■ **THE DATA**:
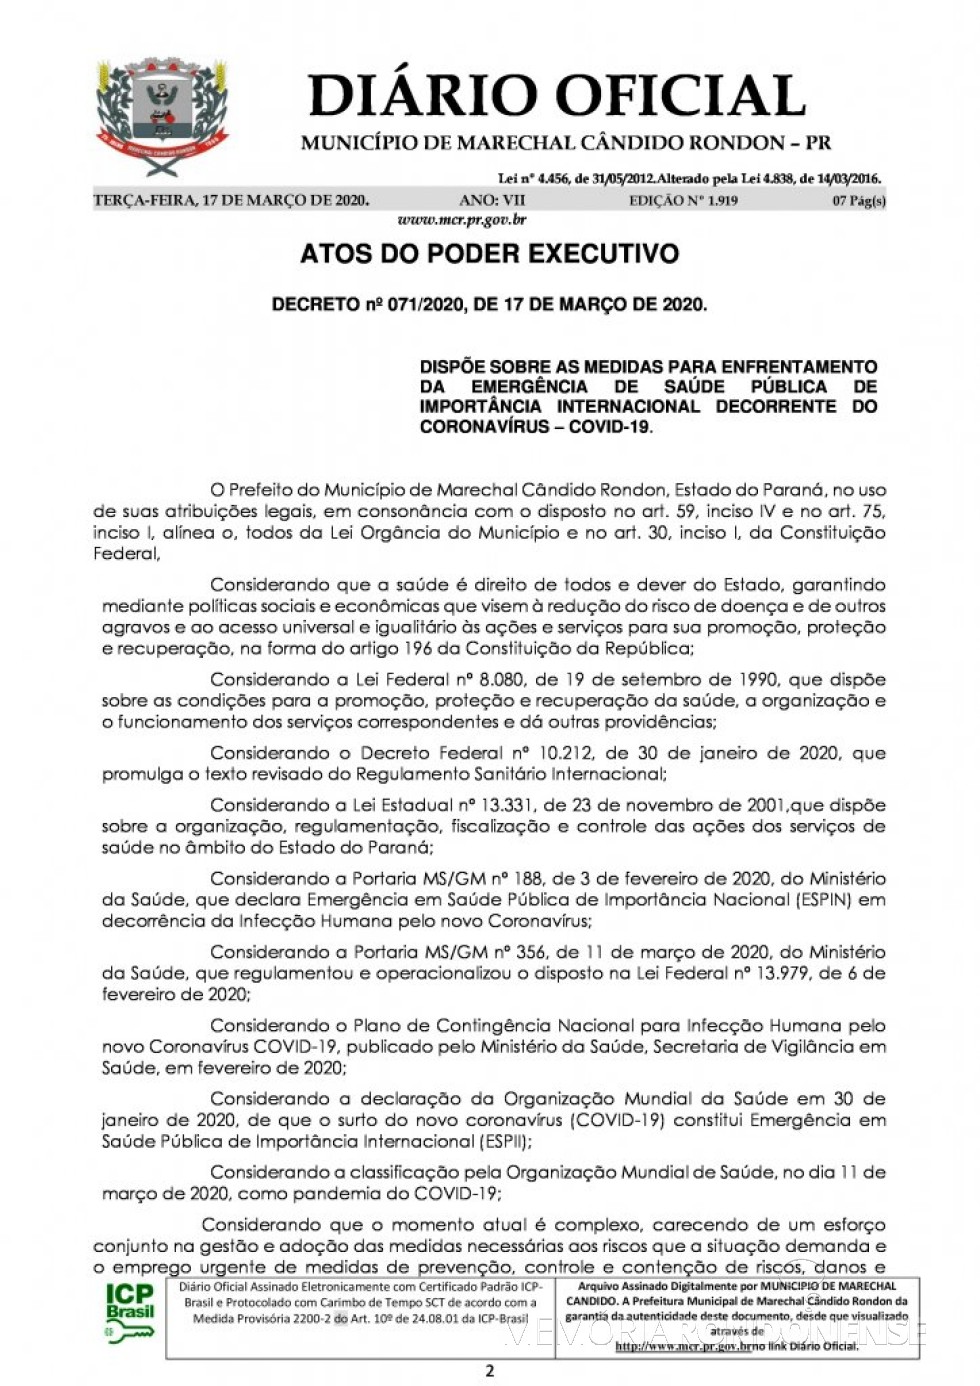 || Página inicial do Decreto nº 071/2020, assinado pelo Poder Executivo de Marechal Cândido Rondon.
Imagem: Acervo Diário Eletrônico do Município - FOTO 15 - 
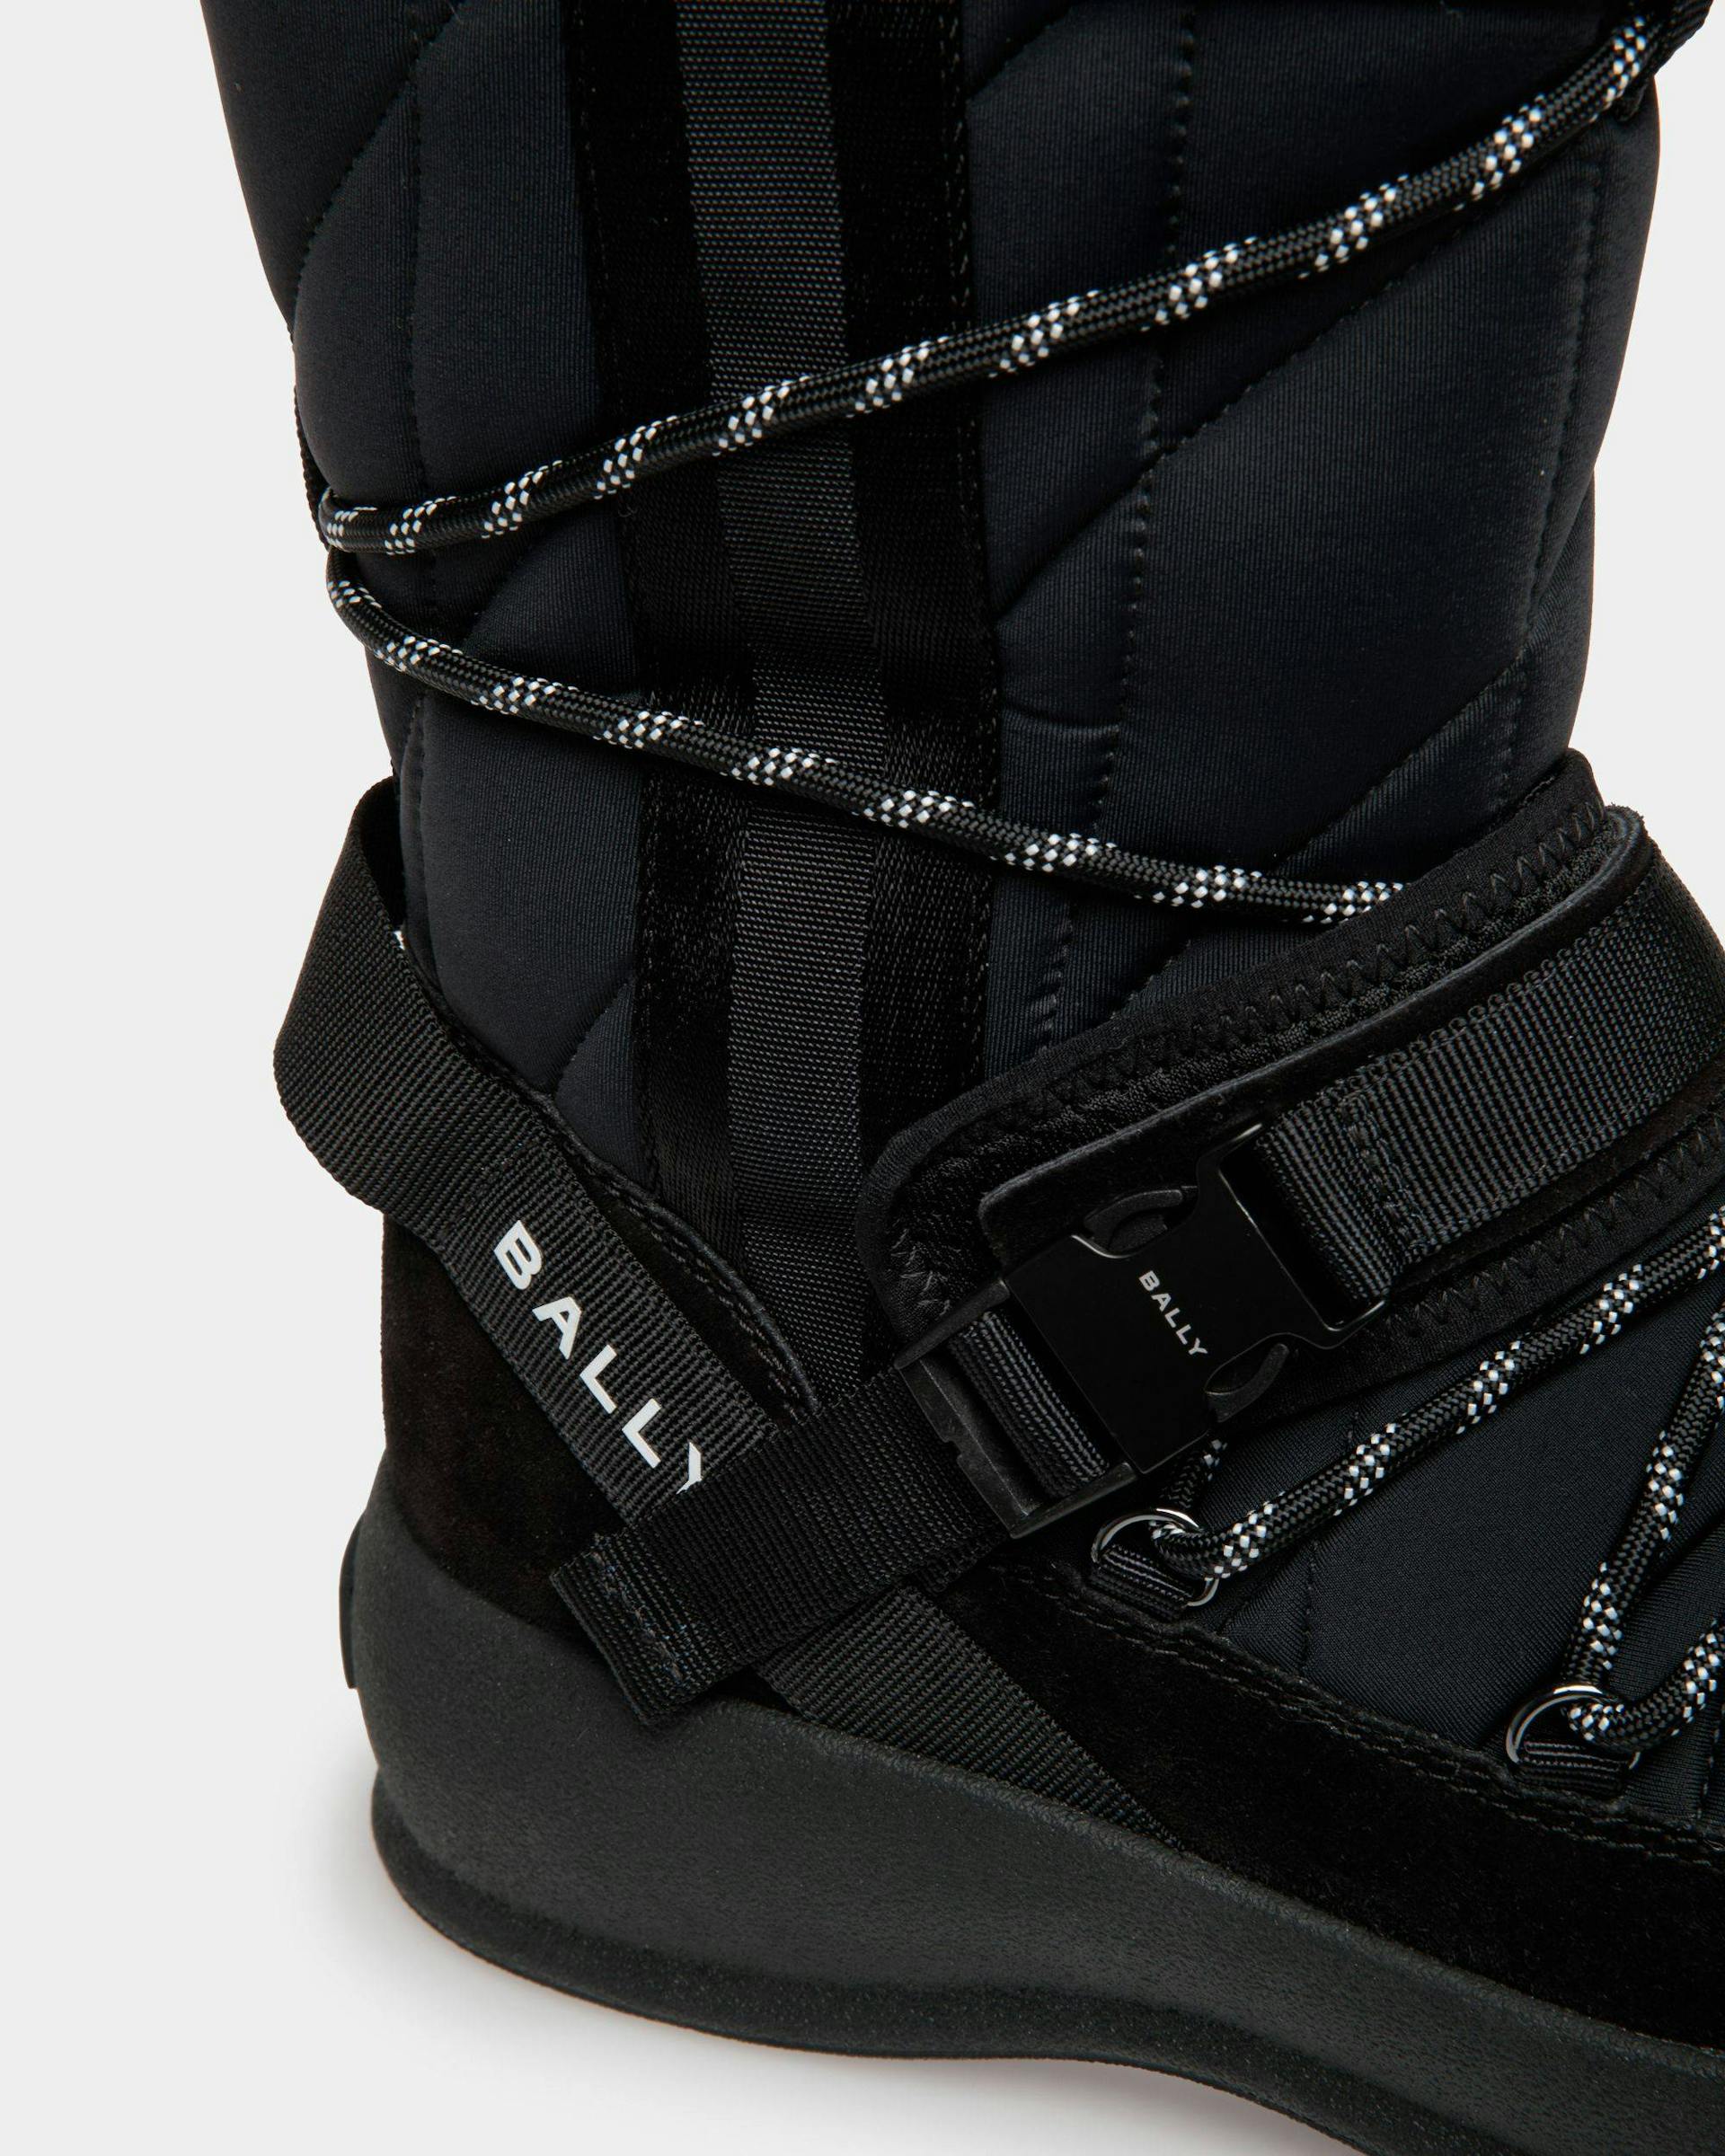 Women's Frei Boot In Black Nylon | Bally | Still Life Detail
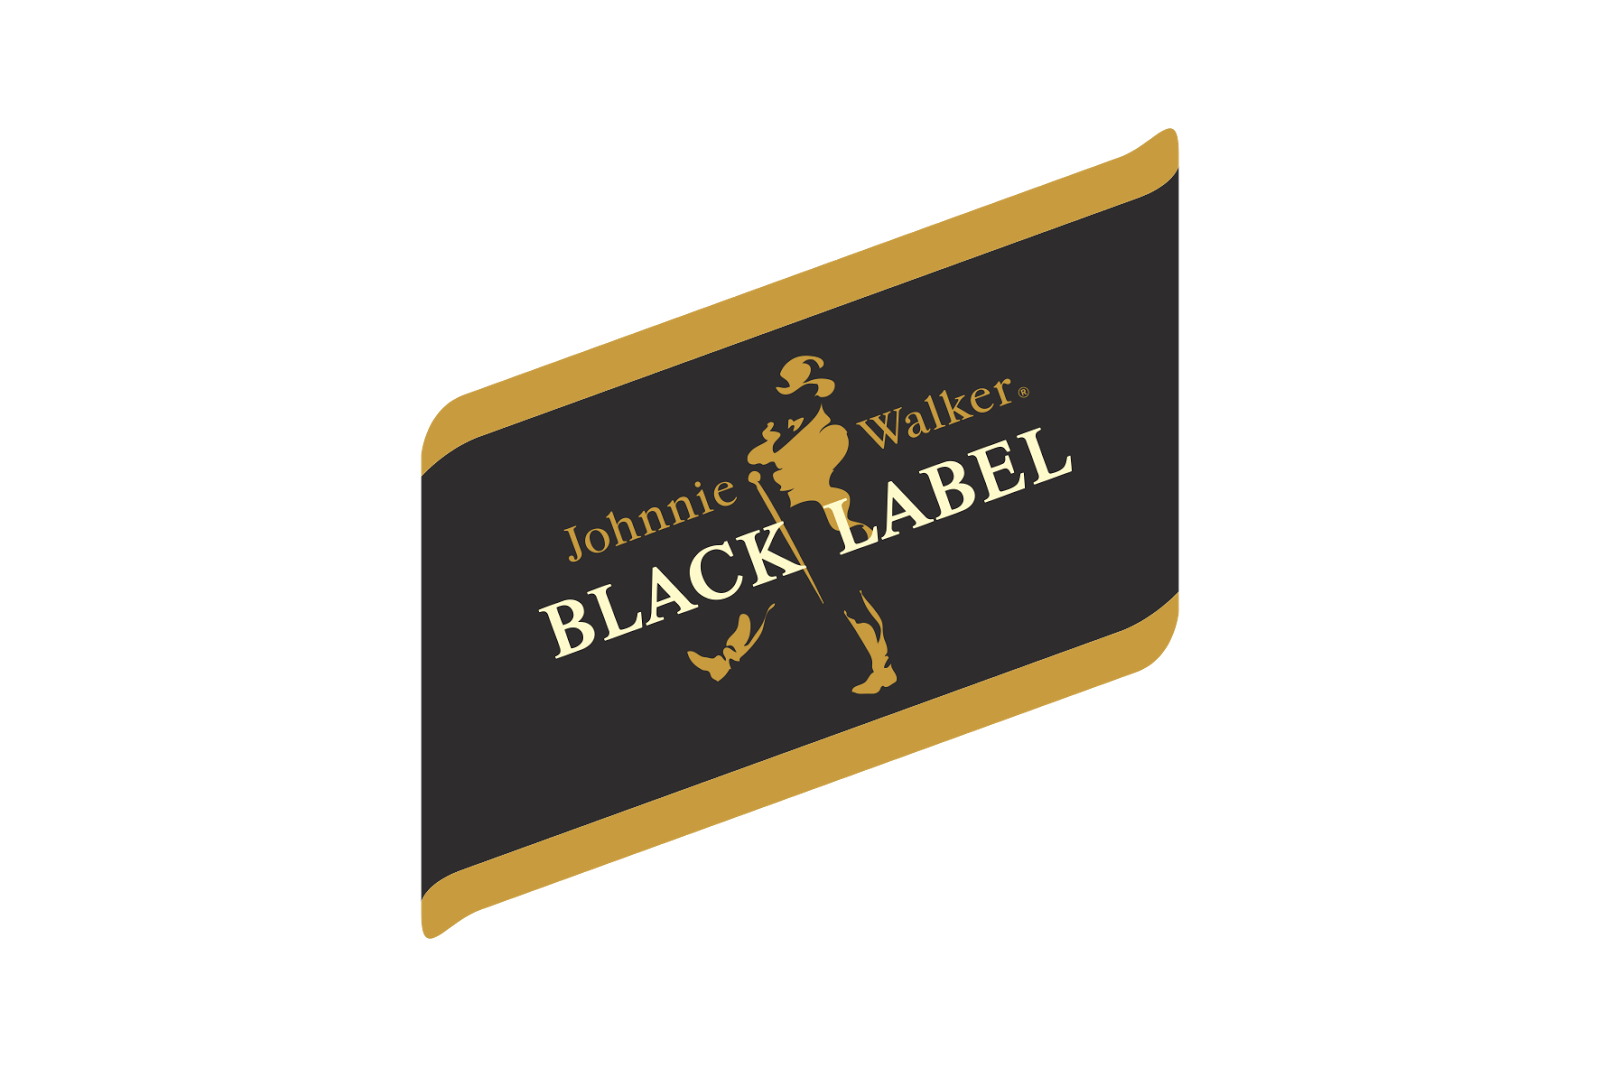 Black Label Logo - Johnnie Walker Black Label Logo - logo cdr vector

■ **WORK REQUEST**:
A faithful, picture-free copy of the material is what this task asks for.

■ **OUTPUT FOR THIS TASK**:
 || Página inicial do Decreto nº 071/2020, assinado pelo Poder Executivo de Marechal Cândido Rondon.
Imagem: Acervo Diário Eletrônico do Município - FOTO 15 - 
 Women's Frei Boot In Black Nylon | Bally | Still Life Detail
 Black Label Logo - Johnnie Walker Black Label Logo - logo cdr vector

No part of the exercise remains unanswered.